With the images excluded, set down every line of the listing below exactly.

▶ [DATASET EXCERPT]:
····················

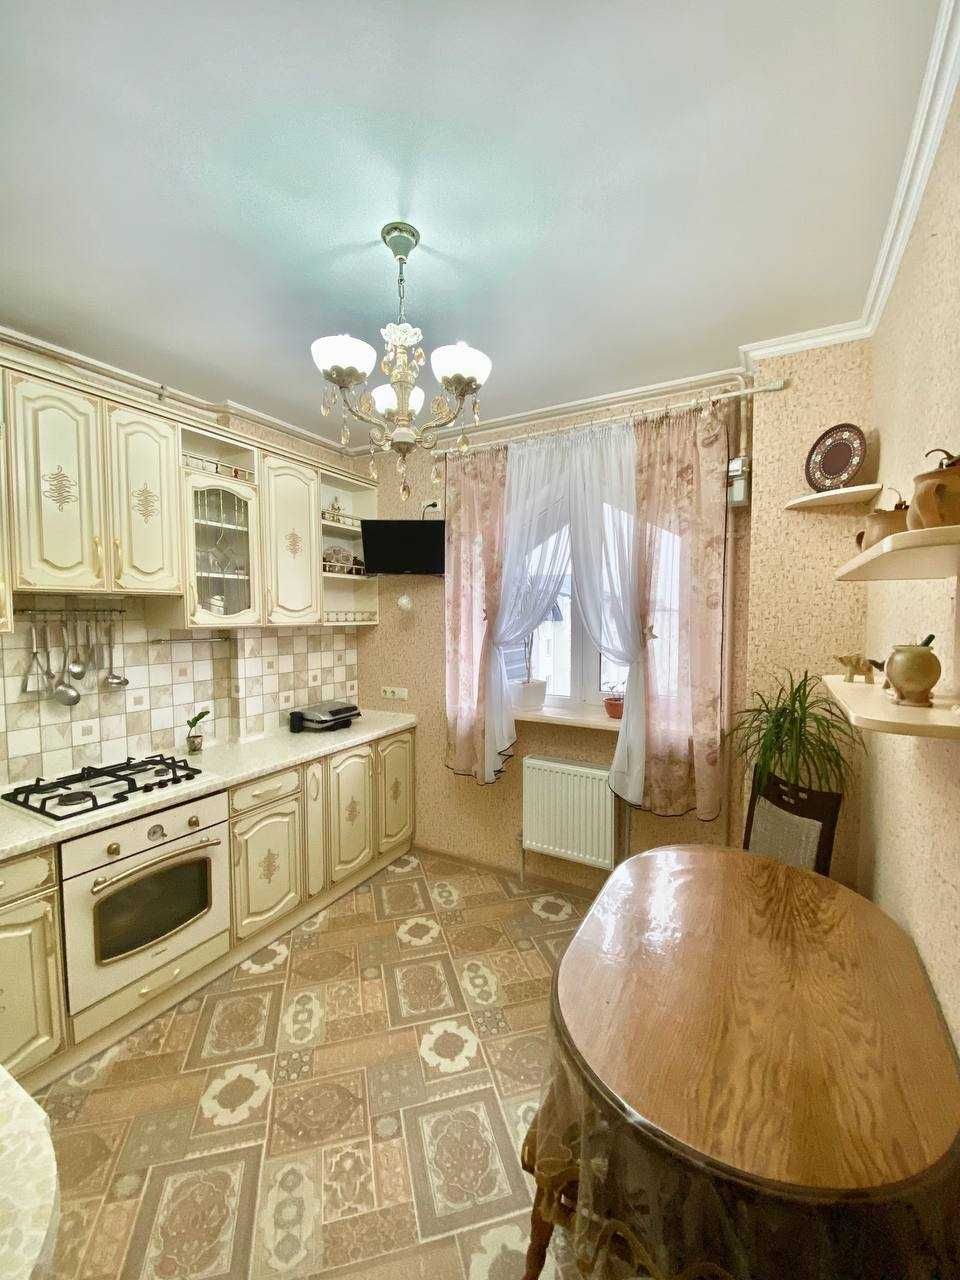 Продам двухкомнатную квартиру в пригороде Черноморск.
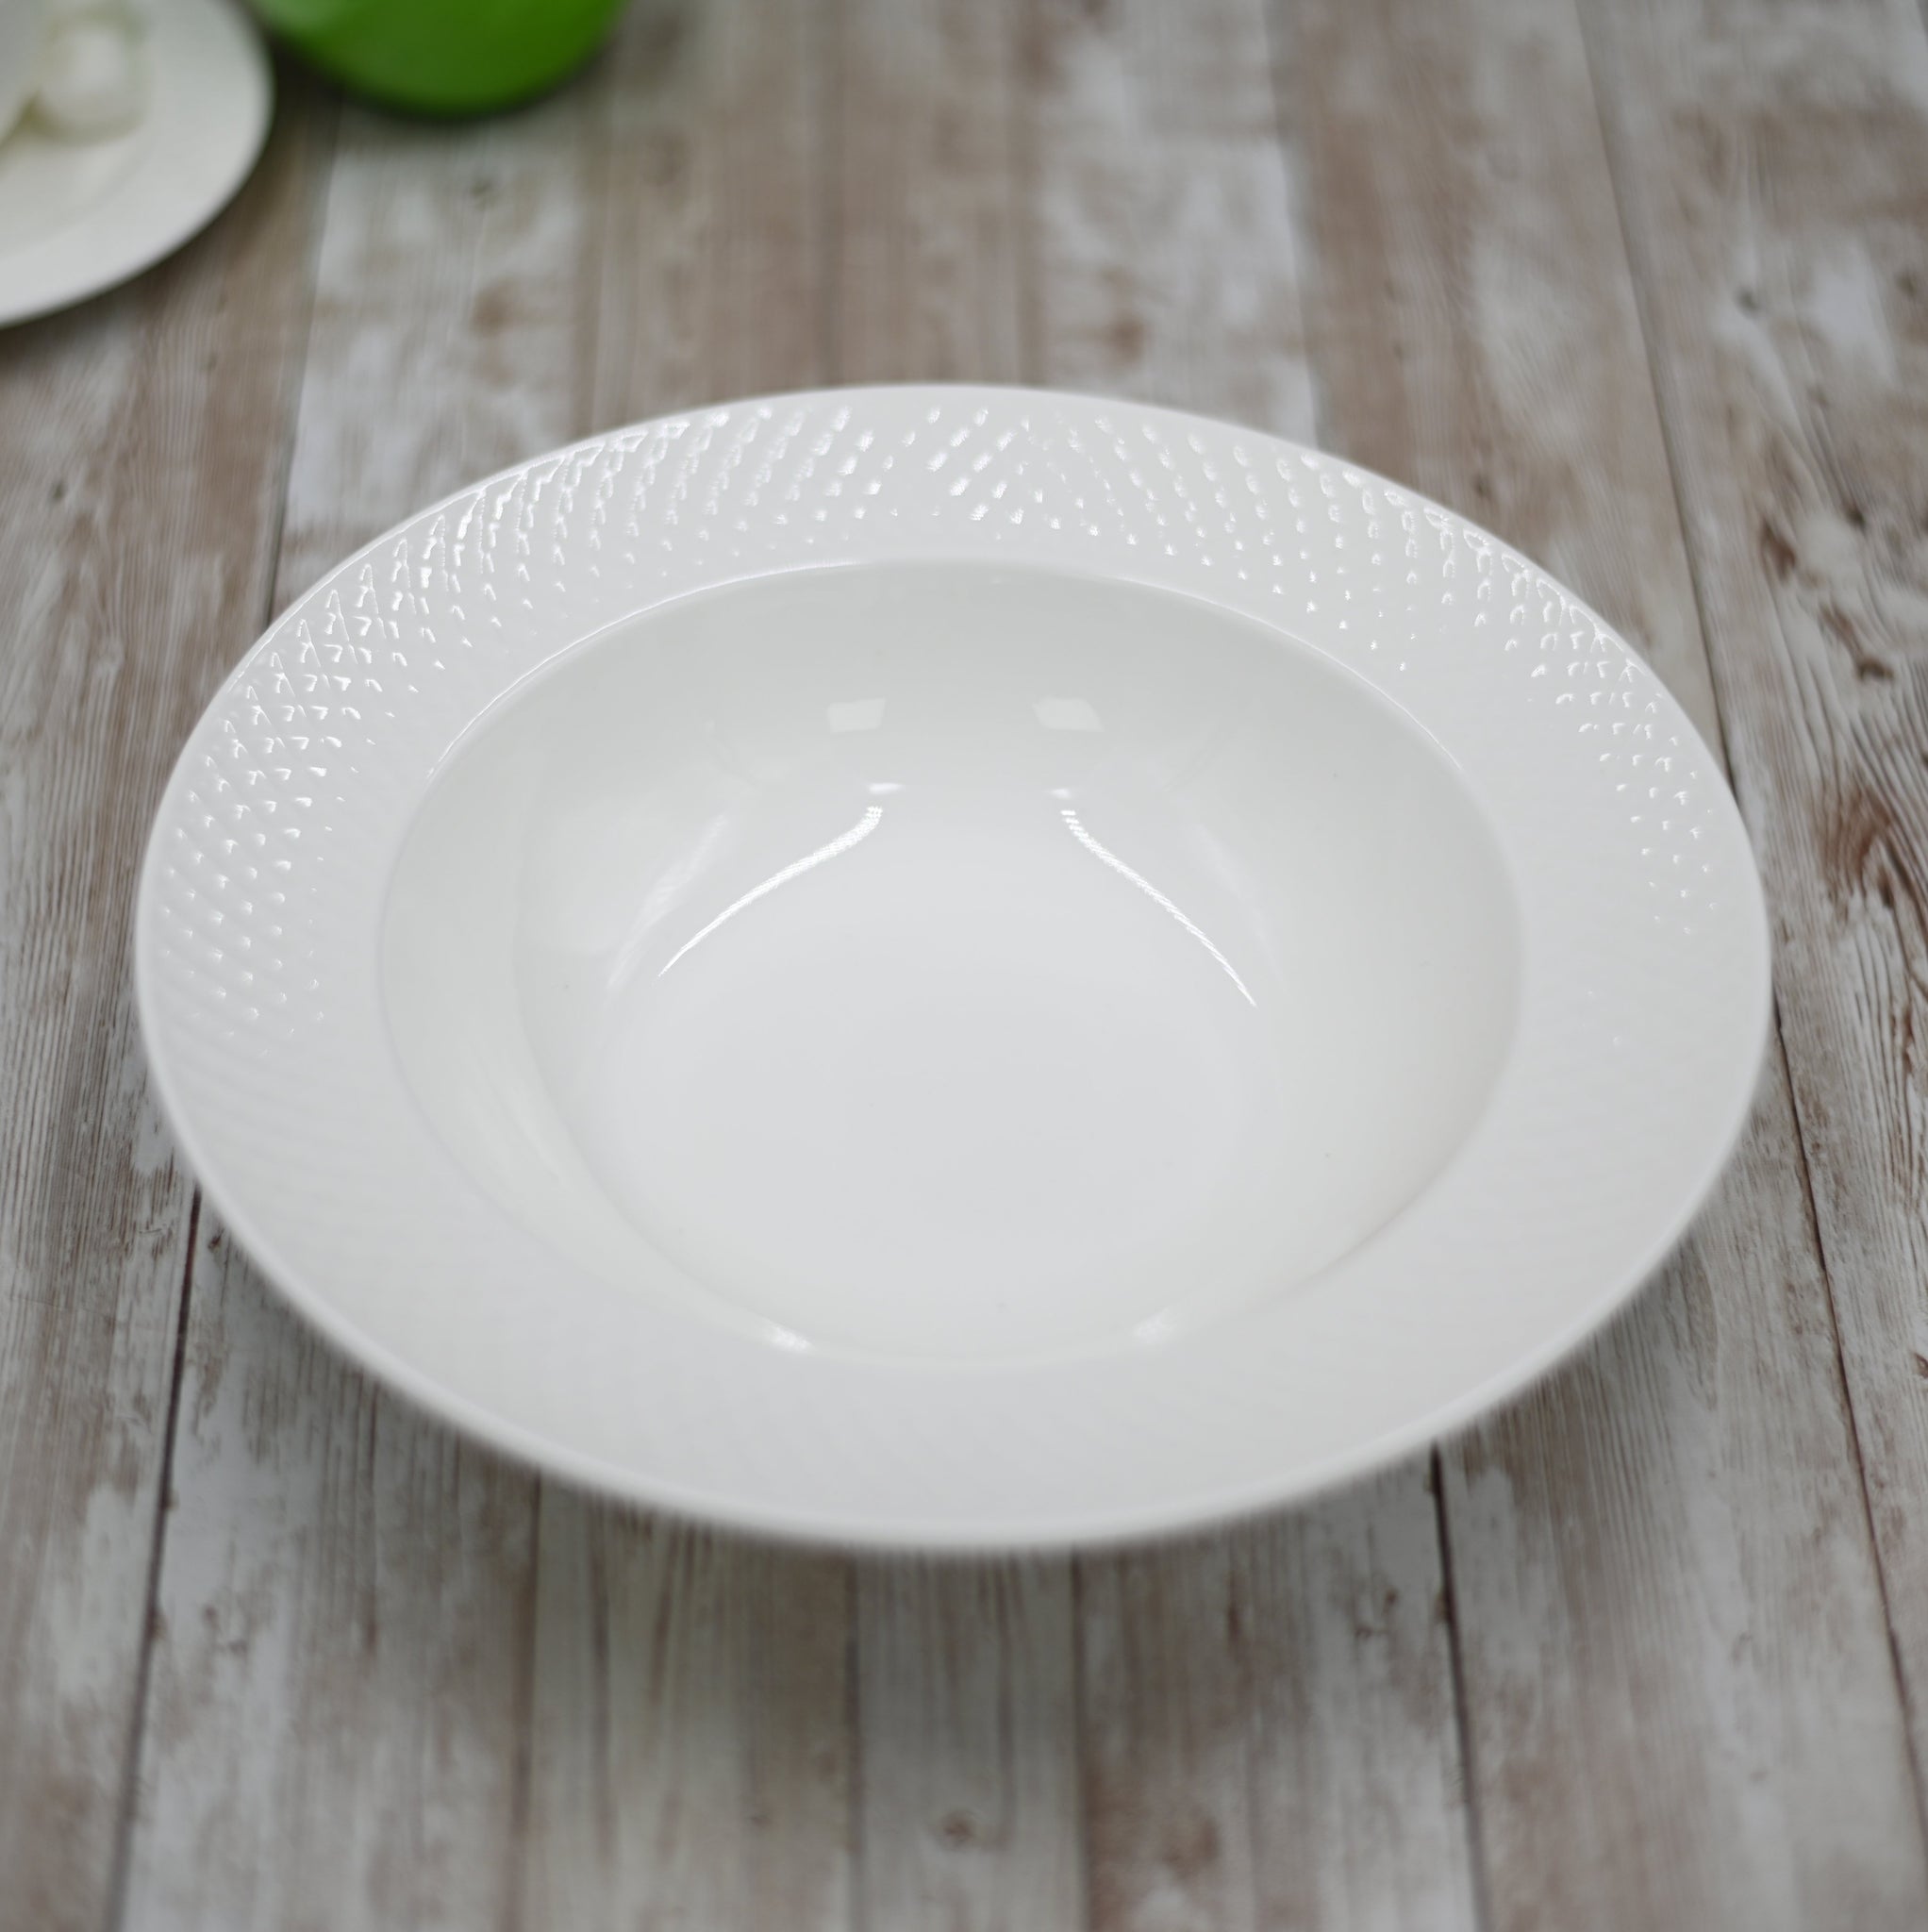 Wilmax WL-880100/A 8-Inch Julia Round White Porcelain Dessert Plate, 6/CS
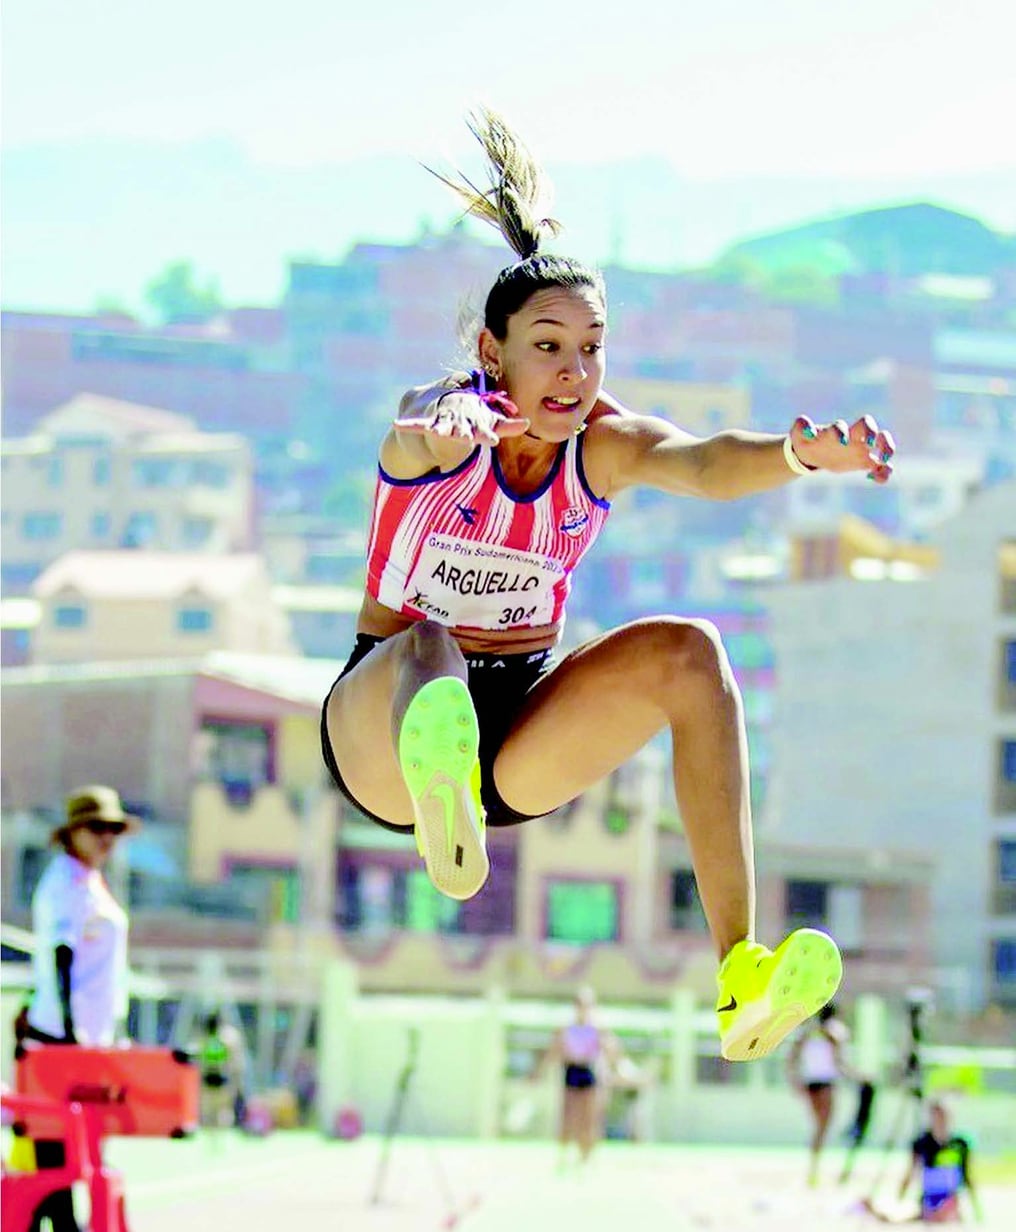 Atletismo: o esporte para corredores de elite - Azibo
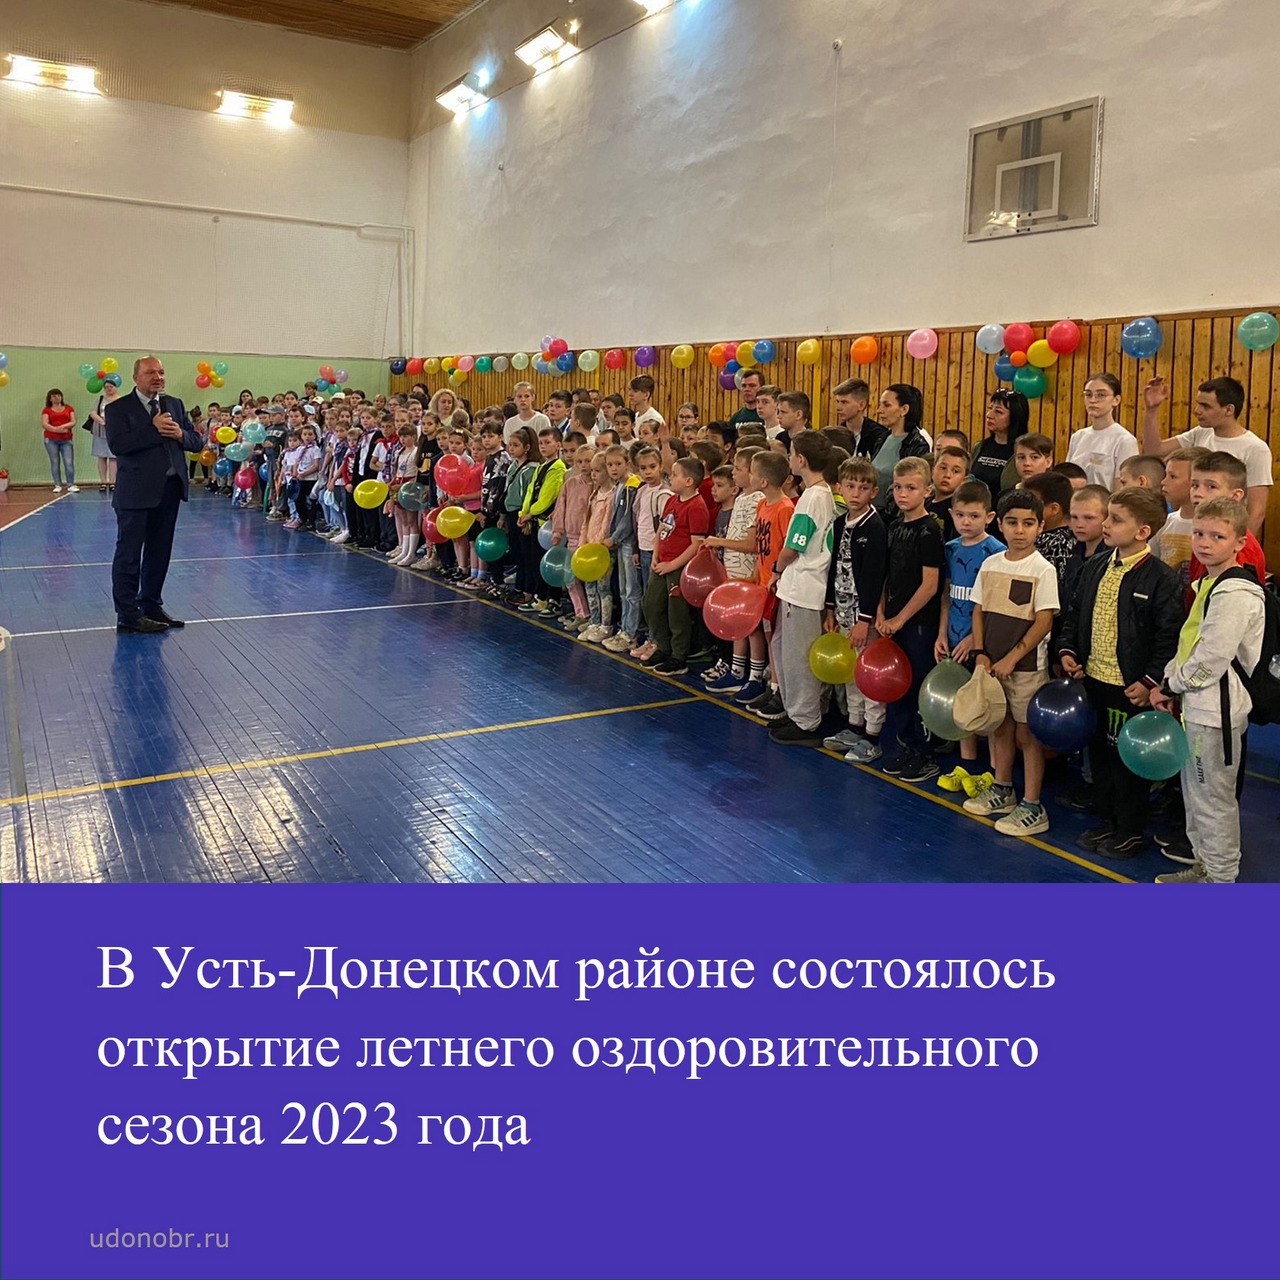 В Усть-Донецком районе состоялось открытие летнего оздоровительного сезона 2023 года

····················

▶ [OUTPUT]:
 Продам двухкомнатную квартиру в пригороде Черноморск.
 Wilmax WL-880100/A 8-Inch Julia Round White Porcelain Dessert Plate, 6/CS
 Atletismo: o esporte para corredores de elite - Azibo
 В Усть-Донецком районе состоялось открытие летнего оздоровительного сезона 2023 года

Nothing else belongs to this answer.